04:0f.0 Multimedia controller: Device 6472:8001 (rev 01)
Control: I/O+ Mem+ BusMaster- SpecCycle- MemWINV- VGASnoop- ParErr Stepping- SERR- FastB2B- DisINTx-
Status: Cap- 66MHz- UDF- FastB2B- ParErr- DEVSEL=medium >TAbort- <TAbort- <MAbort- >SERR- <PERR- INTx+
Interrupt: pin A routed to IRQ 11
Region 0: I/O ports at d800 [size=128]
Region 1: Memory at febfe800 (32-bit, non-prefetchable) [size=128]

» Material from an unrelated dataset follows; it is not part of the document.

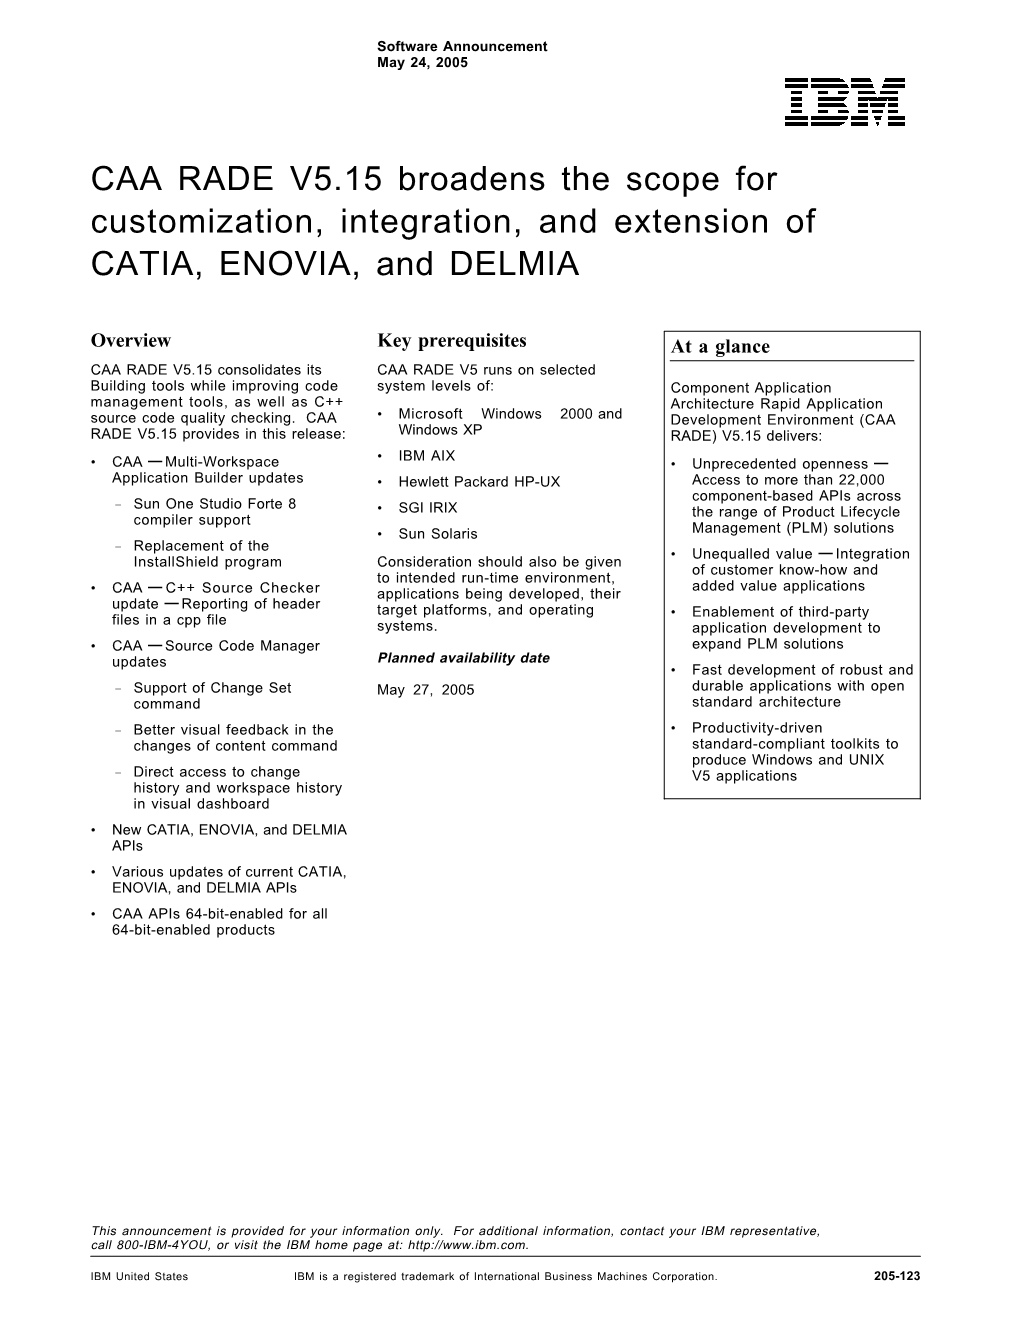 CAA RADE V5.15 Broadens the Scope for Customization, Integration, and Extension of CATIA, ENOVIA, and DELMIA
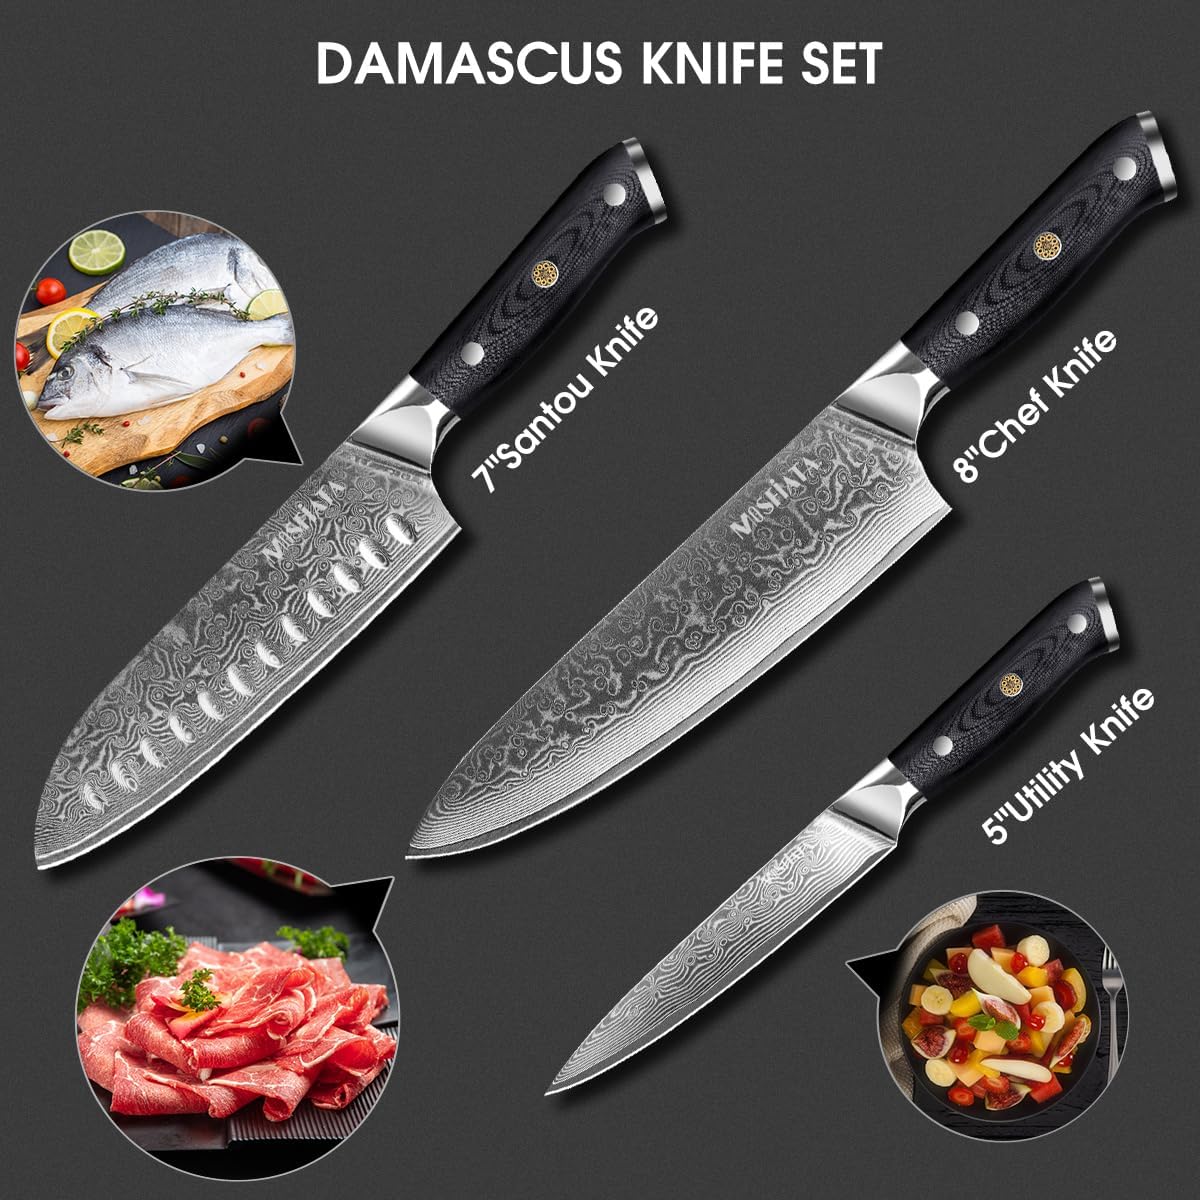  MOSFiATA 8 inch Chef's Knife & 7 inch Santoku Knife

Don't know if I really need show you the code, because it is as simple as it is possible - file is opened, then mmaped, then the resulting pointer is used to write and read into that file. Basically, it's this:

fd = open ( (device_ + "resource" + std::to_string (i)).c_str(), O_RDWR);
ptr = (u_int32_t*) mmap (NULL, 0x7f, PROT_READ | PROT_WRITE, MAP_SHARED, fd, 0);

All paths are valid, that's what was checked first. dmesg output contains no errors nor warnings for the corresponding problem.
Comment 1 Georgiy 2015-01-30 14:52:36 UTC
Created attachment 165261 [details]
lspci -vv

lspci -vv for all presented devices
Comment 2 Georgiy 2015-01-30 14:53:21 UTC
Created attachment 165271 [details]
dmesg output

dmesg output _after_ performed tests
Comment 3 Georgiy 2015-01-30 14:54:30 UTC
Created attachment 165281 [details]
test program

Simple motivation example of strange behavior.
You can see bad ffffffff values on some devices (described here).
Comment 4 Georgiy 2015-01-30 14:55:00 UTC
Created attachment 165291 [details]
test program output

Output for provided test program.
Comment 5 Georgiy 2015-01-30 14:55:21 UTC
Ok, finaly uploaded some files.
Comment 6 Georgiy 2015-02-03 10:16:31 UTC
Created attachment 165641 [details]
kernel module with the same functionality; works as intended

the desired info was acquired completely

root@b4-mrpu-x86:/home/user/PCIDeviceKernelModule# dmesg | grep info
[    0.000000] Using ACPI (MADT) for SMP configuration information
[   49.189417] info: 2.4.1
[   49.297360] info: 2.4.1
[   49.403655] info: 2.4.1
[   49.503624] info: 2.4.1
[   49.603260] info: 2.4.1
[   49.730663] info: 2.4.1
[   49.832868] info: 2.4.1
[   49.934986] info: 2.4.1
[   50.034662] info: 2.4.1
[   50.134300] info: 2.4.1
[   50.247241] info: 3.1.8864
Comment 7 Bjorn Helgaas 2015-03-10 01:08:24 UTC
The kernel module, which uses ioremap(), works as expected.  The user
program, which uses mmap(), fails.  The user-space mmap() path uses
pci_mmap_resource().  Can you add some instrumentation to that path?
We might be able to figure out where things are going wrong.